[THE DATA]:
::::::::

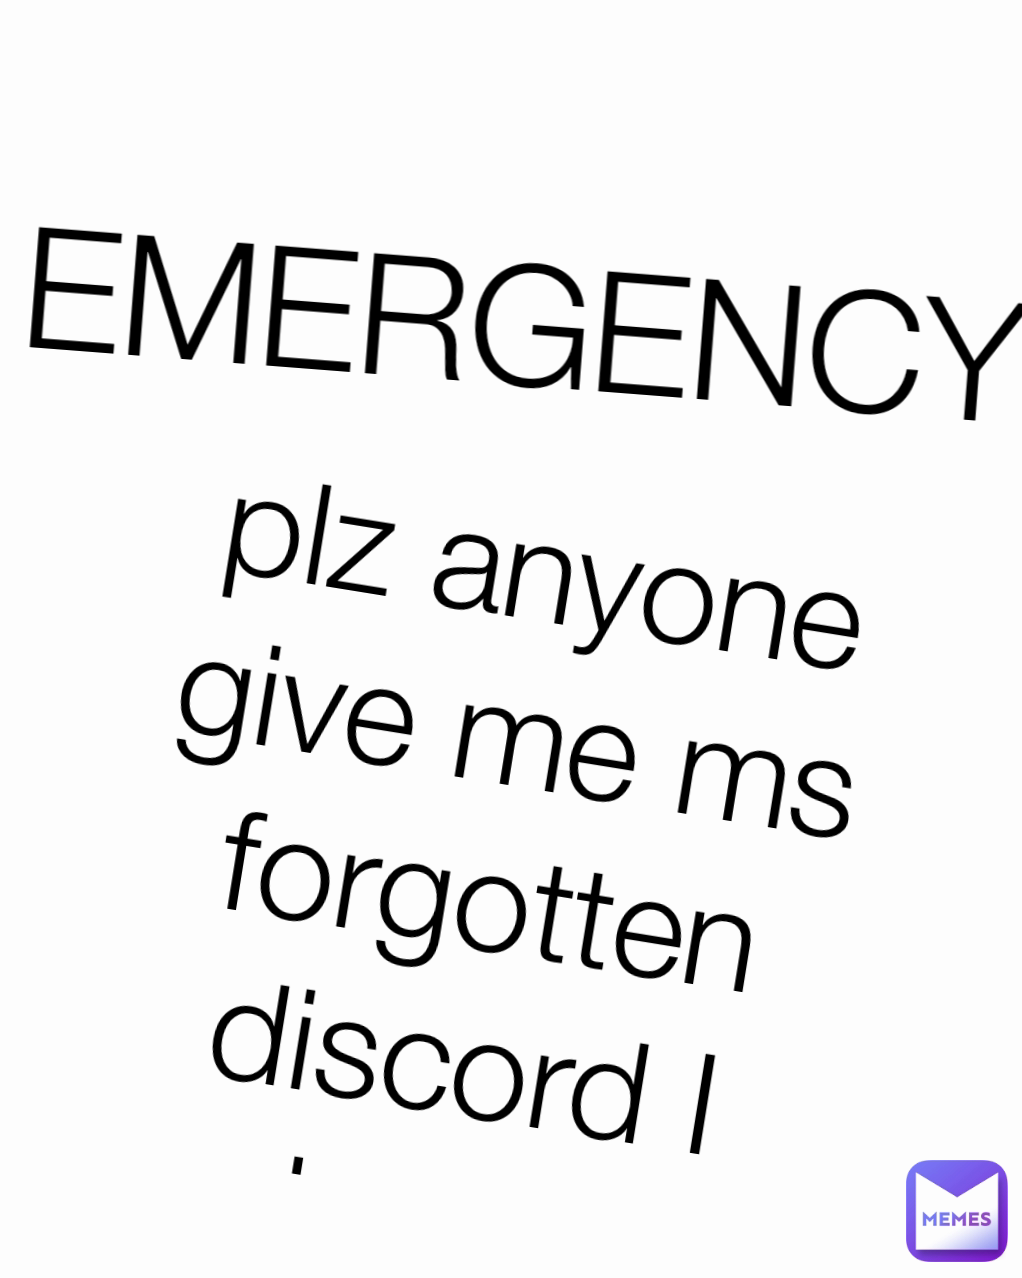 can anyone plz give me @ms._.forgotten's discord plz, I have lost touch with her  EMERGENCY
 plz anyone give me ms forgotten discord I have 
lost touch with her

::::::::

[WORK TO BE COMPLETED]:
What is needed is the data above, retyped exactly, with every picture left out.

[TASK SOLUTION]:
 can anyone plz give me @ms._.forgotten's discord plz, I have lost touch with her  EMERGENCY
 plz anyone give me ms forgotten discord I have 
lost touch with her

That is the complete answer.